Information provided:
○ ○ ○ ○
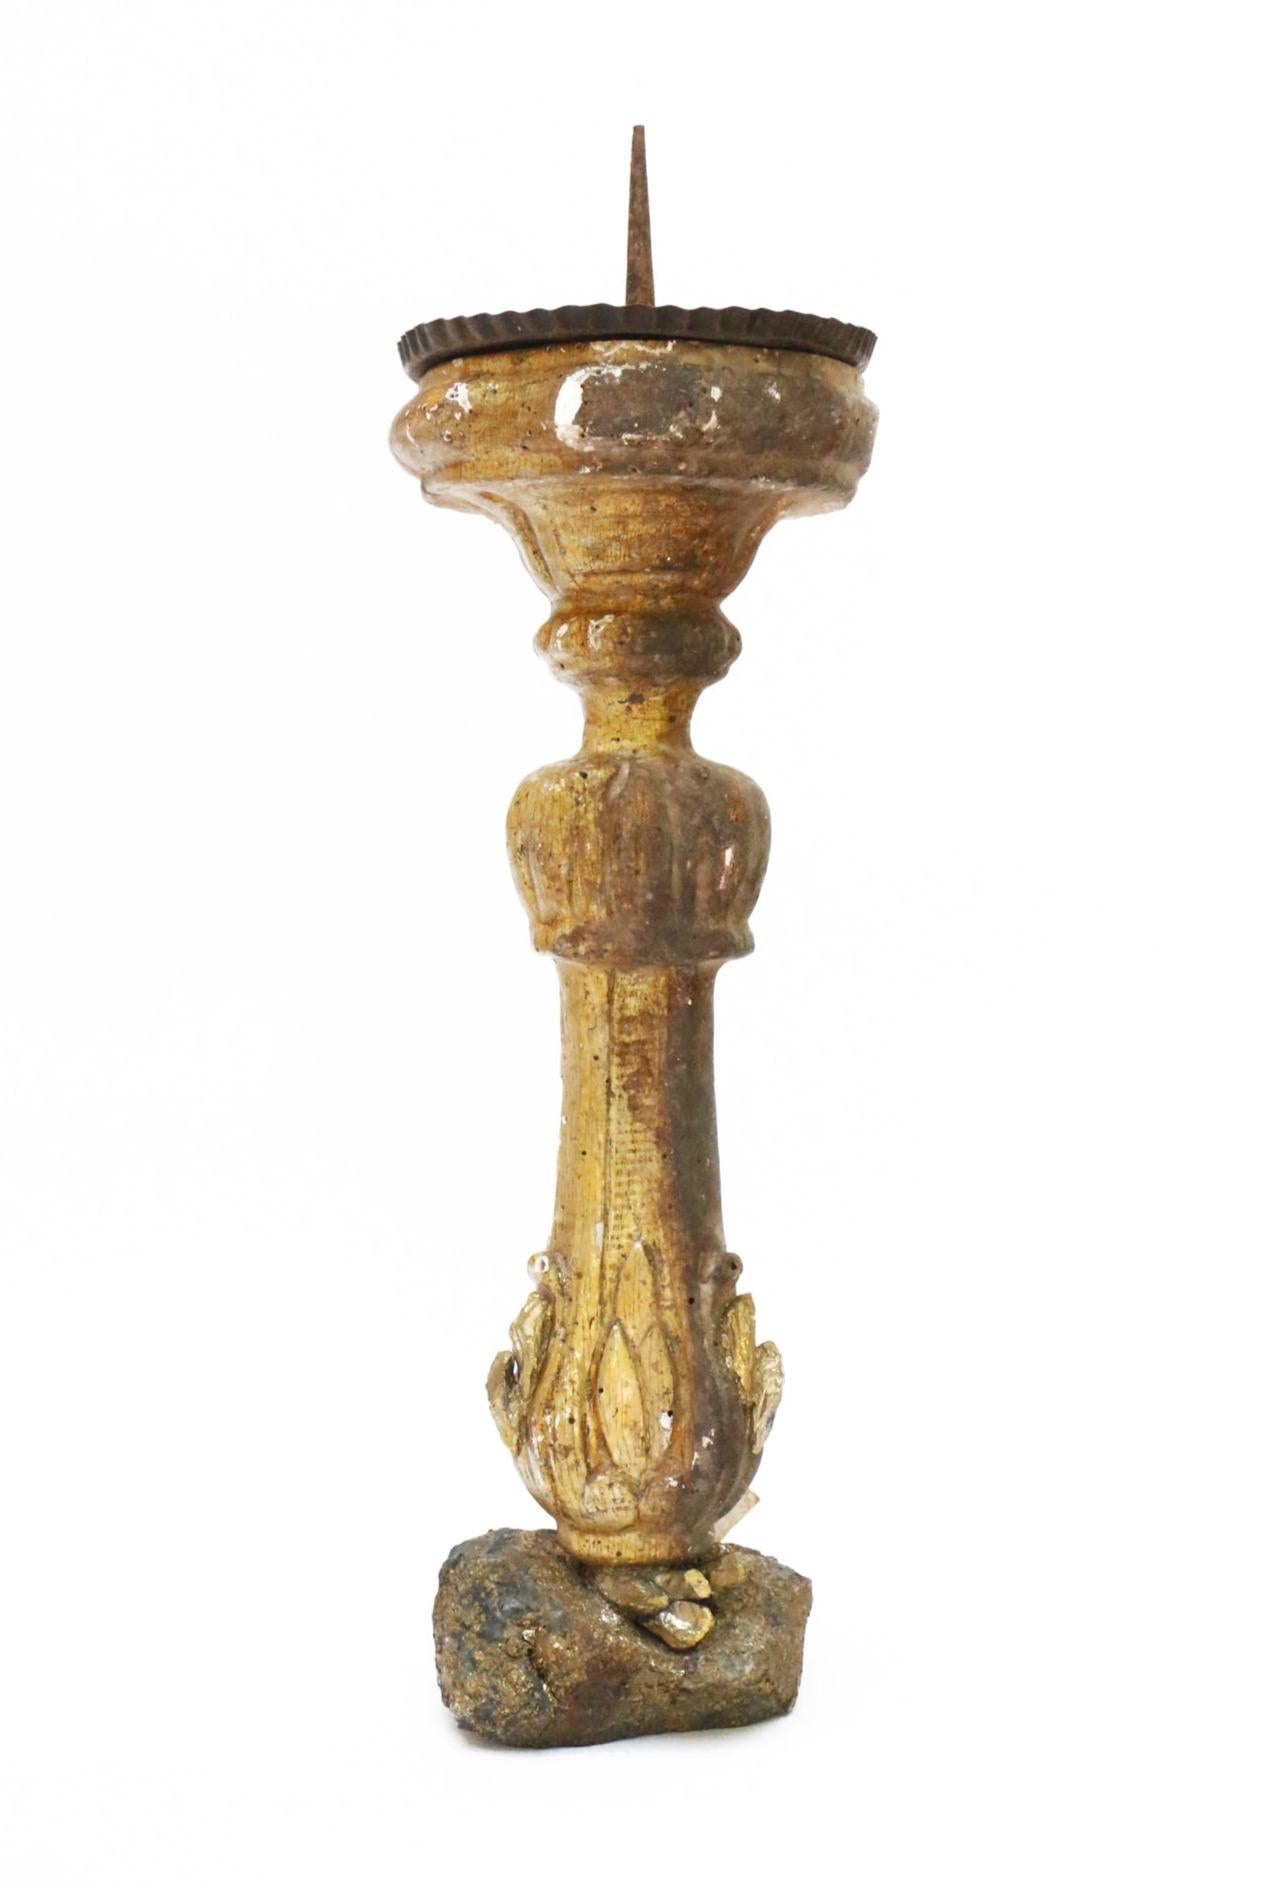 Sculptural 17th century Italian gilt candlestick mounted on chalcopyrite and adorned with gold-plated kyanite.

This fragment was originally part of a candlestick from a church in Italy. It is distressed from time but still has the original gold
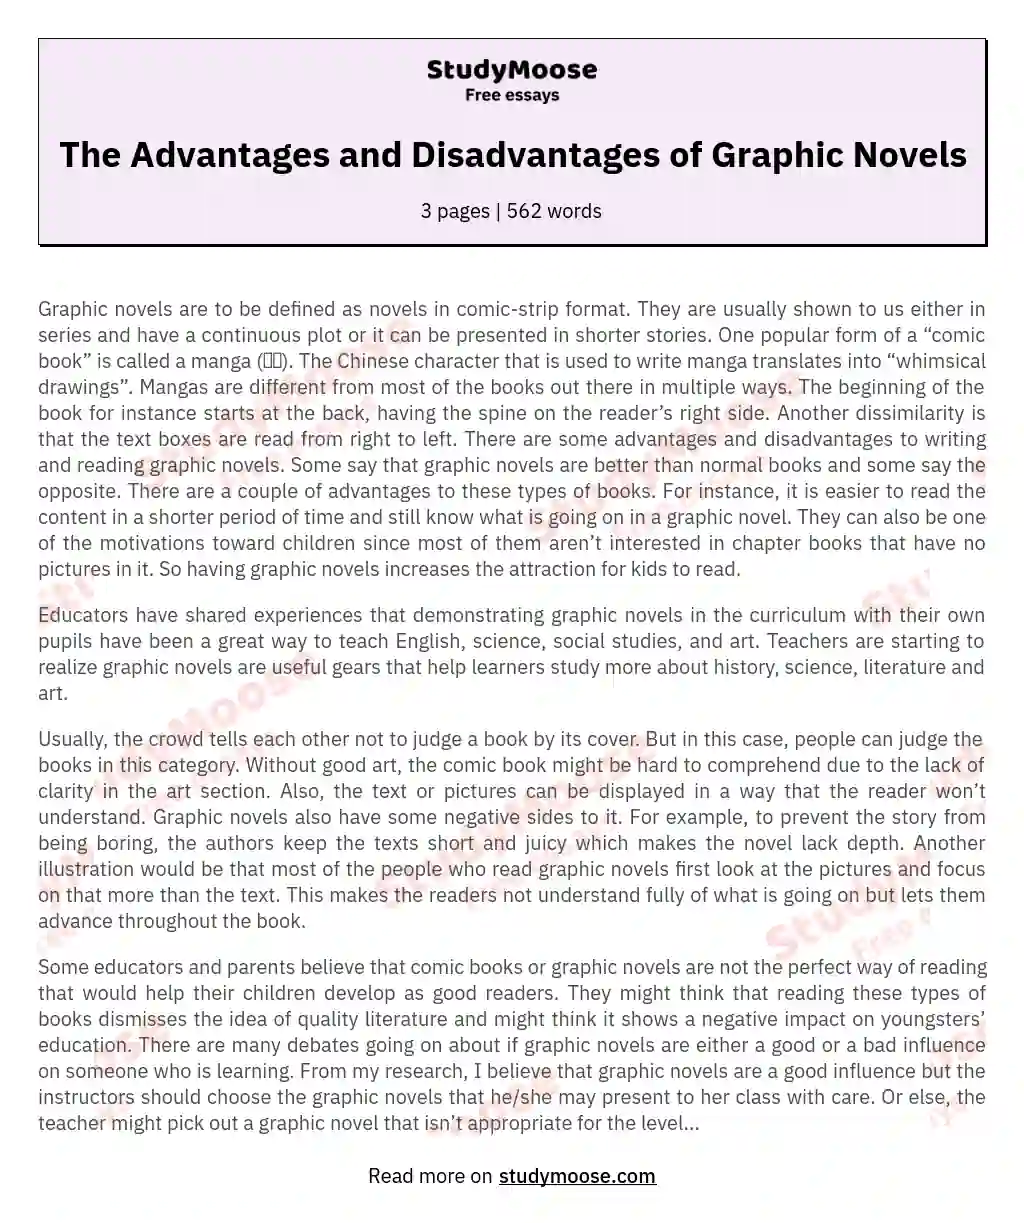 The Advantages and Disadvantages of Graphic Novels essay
○ ○ ○ ○
Your goal:
Transcribe the listing word for word, but keep its pictures out of the copy.

Task output:
 Sculptural 17th century Italian gilt candlestick mounted on chalcopyrite and adorned with gold-plated kyanite.

This fragment was originally part of a candlestick from a church in Italy. It is distressed from time but still has the original gold
 The Advantages and Disadvantages of Graphic Novels essay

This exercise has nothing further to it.